The compact method is, "An aspheric lens projects forwards whatever image is at its focal point." With a plain LED, this will be an image of the phosphor layer. You can either put a mask after the lens, or figure out a way to make a lit image of your 'logo.' Cree uses the second method for their 'flair' at job fairs: They have a handheld spotlight to project their logo all over.


----------



## _hAxel (Dec 2, 2012)

AnAppleSnail said:


> Where do you want this to be visible?
> 
> Outdoors? Budget is a few thousand USD (kilowatt short-arc lamp with projector lenses would do it).
> Indoors or at night? More doable.
> ...



It would be indoors, projected against a table top (or other surface nearby).


----------



## lightdelight (Dec 2, 2012)

Here is a projector I put together that works with most p60 hosts. Not the most efficient, pretty, or easiest to use, but it works good enough for many of my uses. Lenses are from a telescope eyepiece. You will want something with a short back focal point. If you are using a transparency and working at a fixed distance that will be a lot easier because you won't have to build a focusing mechanism.

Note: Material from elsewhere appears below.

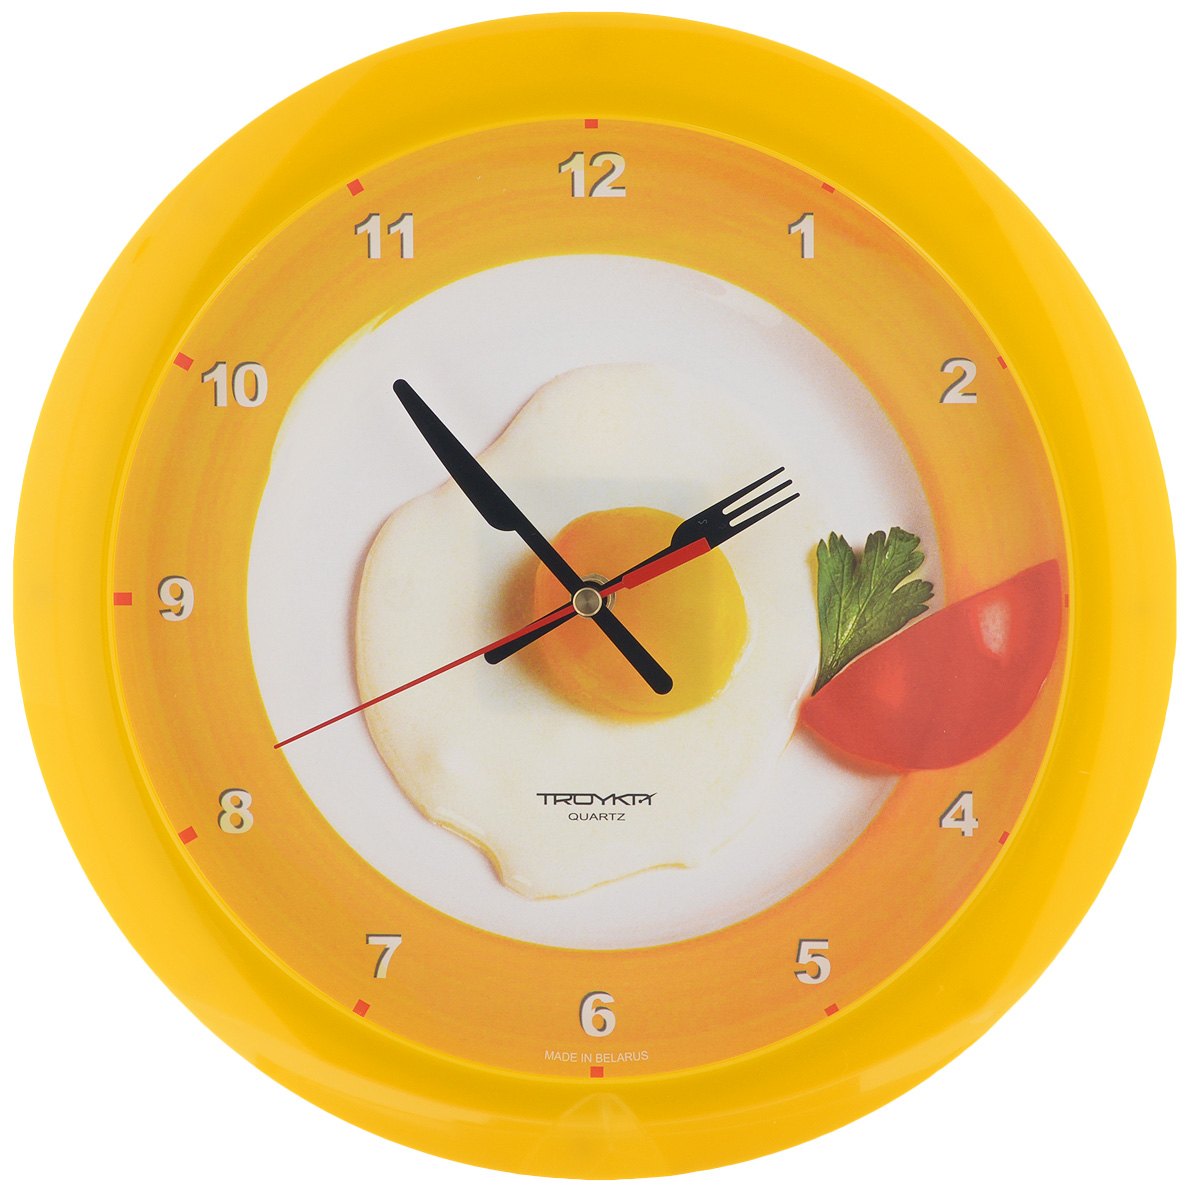 Часы настенные Troyka Яичница, цвет: белый, желтый. 11150178729548Настенные кварцевые часы Troyka Яичница, изготовленные из пластика, прекрасно подойдут под интерьер вашего дома. Круглые часы имеют три стрелки: часовую, минутную и секундную, циферблат украшен изображением яичницы и защищен прозрачным пластиком.Диаметр часов: 29 см.Часы работают от 1 батарейки типа АА напряжением 1,5 В (входит в комплект). Материал: пластик; размер: диаметр 290 мм; цвет: желтый

IMGP8005 by ectro, on Flickr


----------



## _hAxel (Dec 2, 2012)

lightdelight said:


> Here is a projector I put together that works with most p60 hosts. Not the most efficient, pretty, or easiest to use, but it works good enough for many of my uses. Lenses are from a telescope eyepiece. You will want something with a short back focal point. If you are using a transparency and working at a fixed distance that will be a lot easier because you won't have to build a focusing mechanism.
> 
> 
> 
> ...




I hadn't thought about using a lens from an eyepiece, thanks.


----------



## DIWdiver (Dec 4, 2012)

That might work for camera-type readers, but laser scanners won't even see the projected image, only the surface beneath it.


----------